[ad_1]
The president’s attempts to overturn the election result are confused and in vain. But the longer they last, the more dangerous they become for democracy.
opinion
And every time it seems that the limit has been reached, more comes. More madness. Insane, as Donald Trump’s lawyers tell of stolen servers, manipulated voting machines and a communist conspiracy on the one next to the dead Hugo Chávez George Soros is also said to have been involved, a giant conspiracy that deprived Trump of an election victory.
All this is now apparently everyday life in AmericaAll of this is now obviously part of a presidential election.
At first, most of them just made fun of. Trump should complain about his defeat. If he were to talk about fraud, tweet and challenge, then he will go away. A Times of London cartoonist drew the Oval Office after Trump’s retirement: the tattered curtains, a red tie, suntan spray and golf clubs on the carpet, next to a torn copy of the Constitution, and in the center Joe Biden, who before must clean.
Attempts to pressure local politicians
But now, after another week of Trump allowing his fight against the election to escalate further, horror is spreading among his opponents. Not because his attempts to reverse the outcome will be successful.
But why it is becoming increasingly clear how far the president is willing to go. How many Republicans follow him or are silent. How many of its constituents believe the unsubstantiated, sometimes hair-raising claims about alleged election fraud – and what it all means in the long run.
On Friday, Trump invited Republican leaders from the Michigan state parliament to the White House. Apparently he wanted to convince politicians to ignore the Michigan voters’ decision in favor of Biden and appoint their own constituents to parliament. It was doubtful that he would be able to do it. Both Republican MPs had stated immediately after the election that there was no basis for overturning the election result in this way.
“It is difficult to imagine a worse and more undemocratic action by a president in office.”
The president previously called two Republican electoral workers in Michigan and encouraged them to withdraw certification of results in the larger constituency, which had already been decided. This has no legal consequences, but the direction of the move was clear.
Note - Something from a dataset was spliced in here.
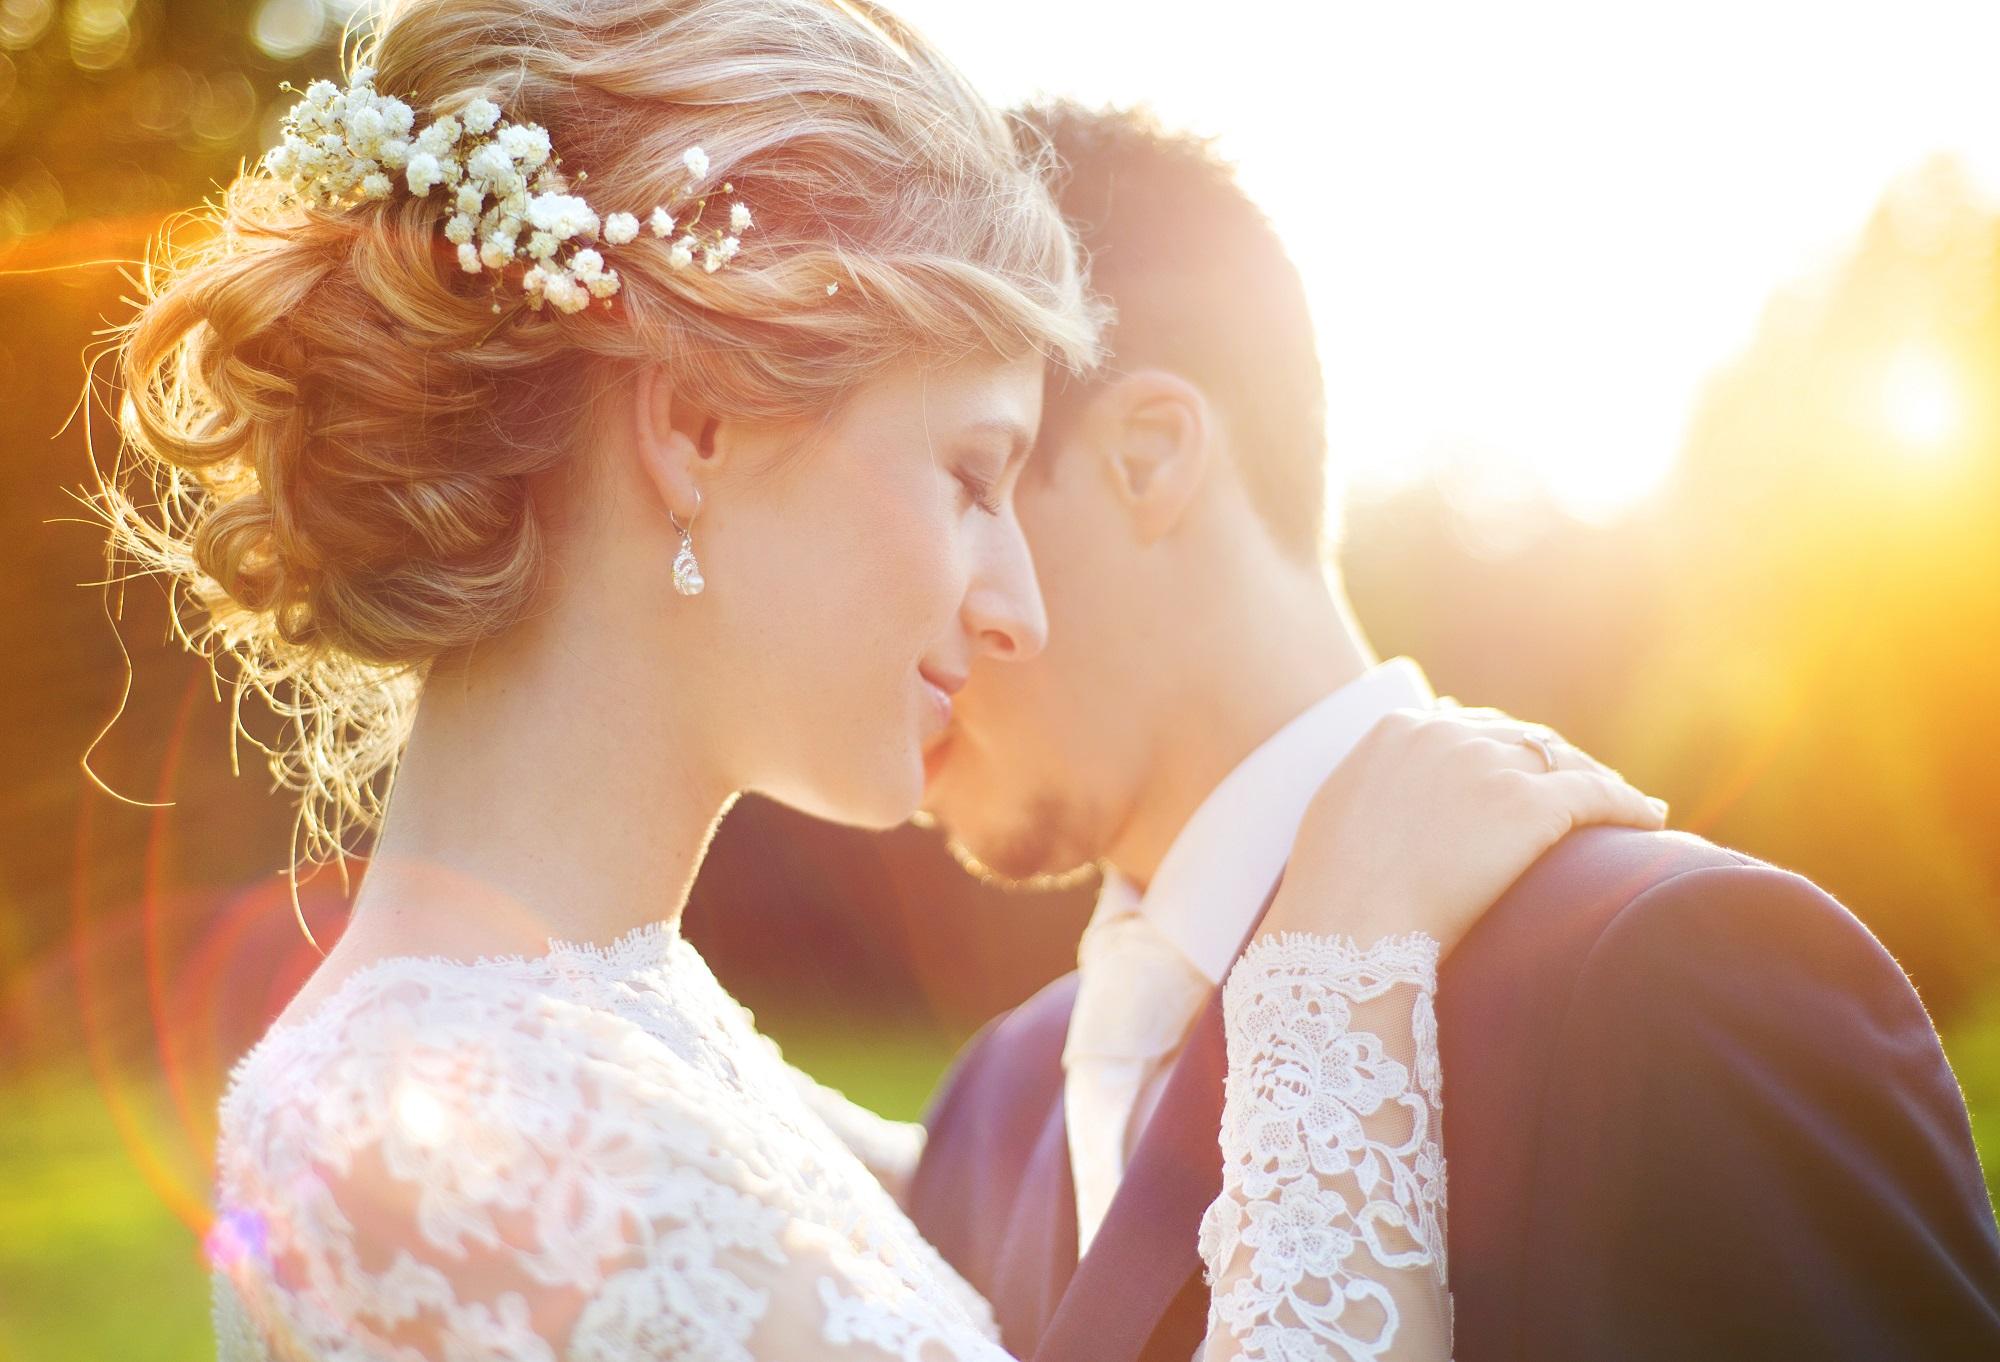 Se marier pour l'argent datant site

Republican Senator Mitt Romney, one of Trump’s few critics in the party, tweeted: “It’s hard to imagine worse and more undemocratic action by a sitting president.” The Republican Governor of Maryland, Larry Hogan, also spoke of an “attack on democracy”.
The horror scenario
Such items are the exception in the conservative camp. Trump’s attempt to win over Republican-run parliaments in member states can be clumsy and hopeless. Yet it matches exactly what many critics dismissed before the election as a hysterical and horrifying scenario of traumatized Trump opponents.
Trump’s attempt is hopeless, not least because it should overturn the electoral result in at least three states. Even if it is inside Michigan (where Biden won by more than 150,000 votes) would have found helpful aides in parliament who exhausted their limited room for maneuver to the utmost, not enough to nullify Biden’s 306-out-232-vote lead in the Electoral College.
A look like from another world
Trump’s action is also due to the fact that his path through the courts has failed: he and his Republican allies have now been sacked with around 30 lawsuits. While the president and his aides still speak publicly of “systematic election fraud,” his lawyers have never presented evidence of their theories in any court. Most of the time, they haven’t even reported the election fraud in front of the judges.
And when most key states certify the election result by the end of the month, the opportunities for further legal action will also disappear.
Manual counting of all votes cast in Georgia was ordered did not bring the result Trump hoped for. The Republican election supervisor, threatened with violence by Trump supporters, confirmed Friday that Biden won the state by 12,000 votes. No signs of election fraud were found.
However, all of these setbacks don’t stop Trump and his team from making new claims. Thursday was the turn Rudy Giulianiwho held a press conference alongside two lawyers. Trump’s defenders said Trump was re-elected with a landslide victory, but that the election was rigged by Communist forces from abroad. There has been talk of sabotaged voting software, a theory that does not resist scrutiny.
It matters in the right media bubble
Again: ridiculous. The left-wing liberal network mocked sweaty Giuliani, whose hair dye dripped onto his face when he appeared. But in much of the right-wing media bubble it has long been agreed that there is something to all allegations – something must be true.
According to a Monmouth Institute poll, 77% of Republican voters believe Biden’s election was due to fraud. You don’t need proof for this. All they need is an elected president and an entourage who will do anything to destroy confidence in the election. And this is already a success for Trump.